I recorded it but i can’t seem to upload it here. It happened outside of vox’s enclosure and reptile room. I thought they were gonna lose it’s tail, so i thought about putting them back to their enclosure but i was scared me picking them up was gonna trigger it even more so i let them be. Then after a while vox pooped, and then he walked with his body and tail crooked and dragged, makes me more terrified but maybe it was just cleaning their but.

Any idea what’s happening with vox? Becuase i’ve never seen anything like this..


----------



## Stef_W (Aug 22, 2018)

It's a defensive posture. Sometimes it's because you've spooked them, other times they'll do it just being sassy. It's a "check out my tail, don't bite my face" or "check out my tail so I can bite YOUR face" sorta message. Generally it's the former, but I've definitely had a tegu bust out the tail wiggle just to tell me to piss off. In a youngster, it's sometimes accompanied by huffing or some posturing/strutting.


----------



## Len (Aug 25, 2018)

I don't know.. they doesn't seem threatened or at least doesn’t show any signs of being afraid, but of course i can't tell for sure.
To me it's kinda like a snake movement.. and i've never seen a lizard do that..

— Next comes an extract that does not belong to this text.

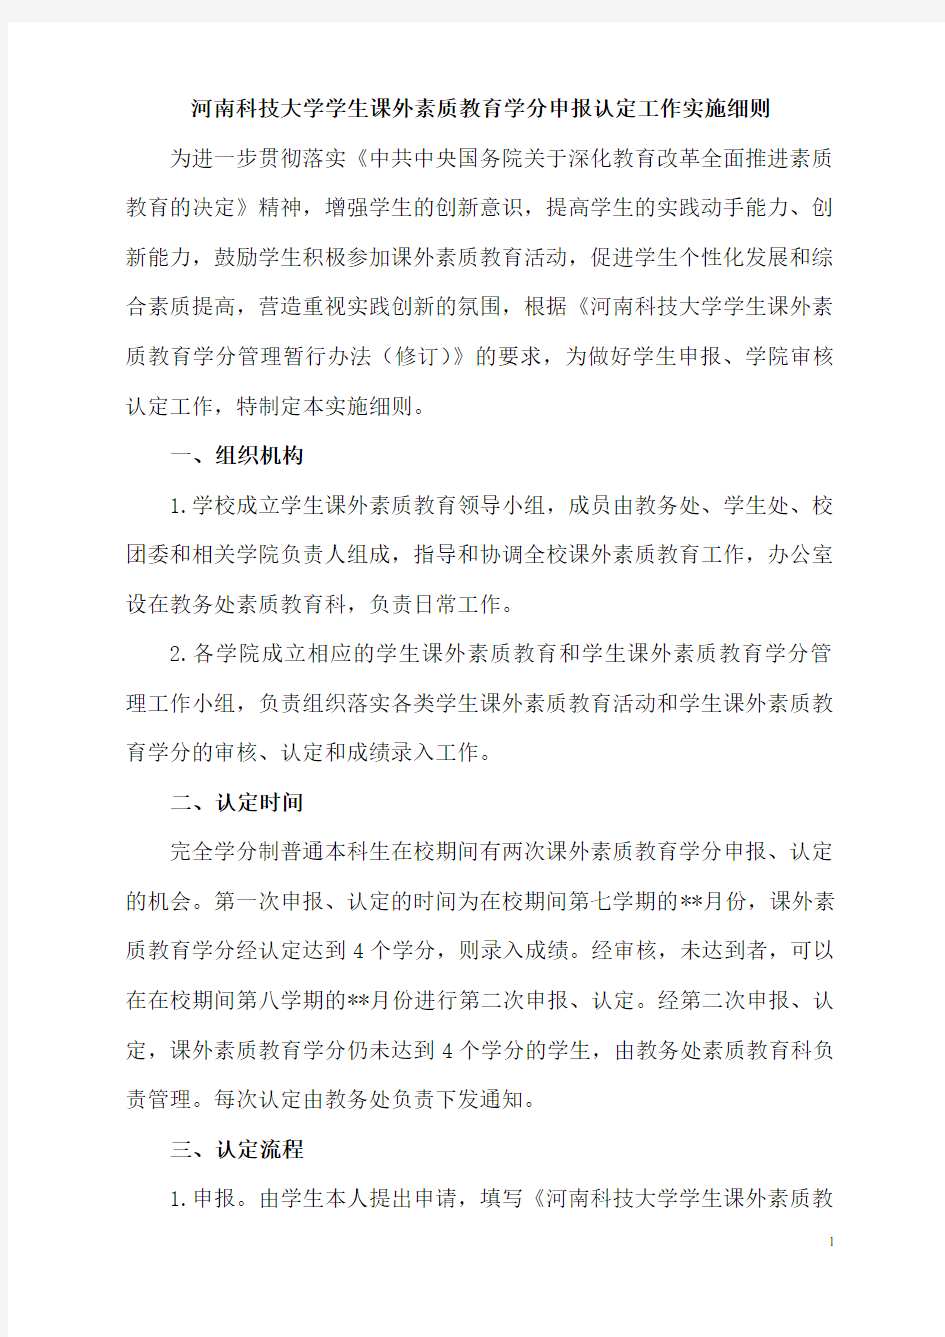 河南科技大学学生课外素质教育学分申报认定工作实施细则

And i've posted the vid on youtube :


----------



## AlphaAlpha (Aug 25, 2018)

Think he was just brewing up for his poop ....


----------



## Stef_W (Aug 25, 2018)

Oh, just a tiny tail wiggle. Yeah, that's probably just a poop on the way


----------



## Len (Aug 27, 2018)

Ok, now i feel dumb for being so worried over that stuff.. but vox is my first reptile other than snakes 

thanks for the replies btw!


----------



## Walter1 (Aug 28, 2018)

Len said:


> Ok, now i feel dumb for being so worried over that stuff.. but vox is my first reptile other than snakes
> 
> thanks for the replies btw!


Not dumb. You're observant.


----------



## rosieuk (Aug 29, 2018)

If the tail arches upwards and he stands up on his back legs, that's poop time. If you touch his tail and it arches up, that's an unhappy tegu. 
A sinuous side to side motion of the entire tail and/or huffing is a mildly annoyed tegu. A Tegu standing as tall as possible and stamping is a very upset tegu. A mouth gape with either is an excuse to lose fingers (a Tegu bite is very powerful). Wild ones will chase dogs & humans and can run standing up - like a frilled dragon on steroids.
If you take him outside be extremely sure there are no foxes or fox spraint about. If a Tegu smells foxes they will go batsh*t nuts and you will find out that tegu teeth will go through jeans like a hot knife through butter and a very scared Tegu will think everyone and everything (up to and including a small family car) is out to eat it. They're not fun in this situation and can hurt you.
It's better to worry too much about an unfamiliar pet than not enough, things can go bad quickly. It also helps to buy from a good breeder who gives you the right information (mine didn't, tegu are *not* the same as monitors) .
Incidentally has anyone heat gunned their tegu as they get up from basking - I'm curious about how hot they like to be before wandering off to hunt or whatever...


----------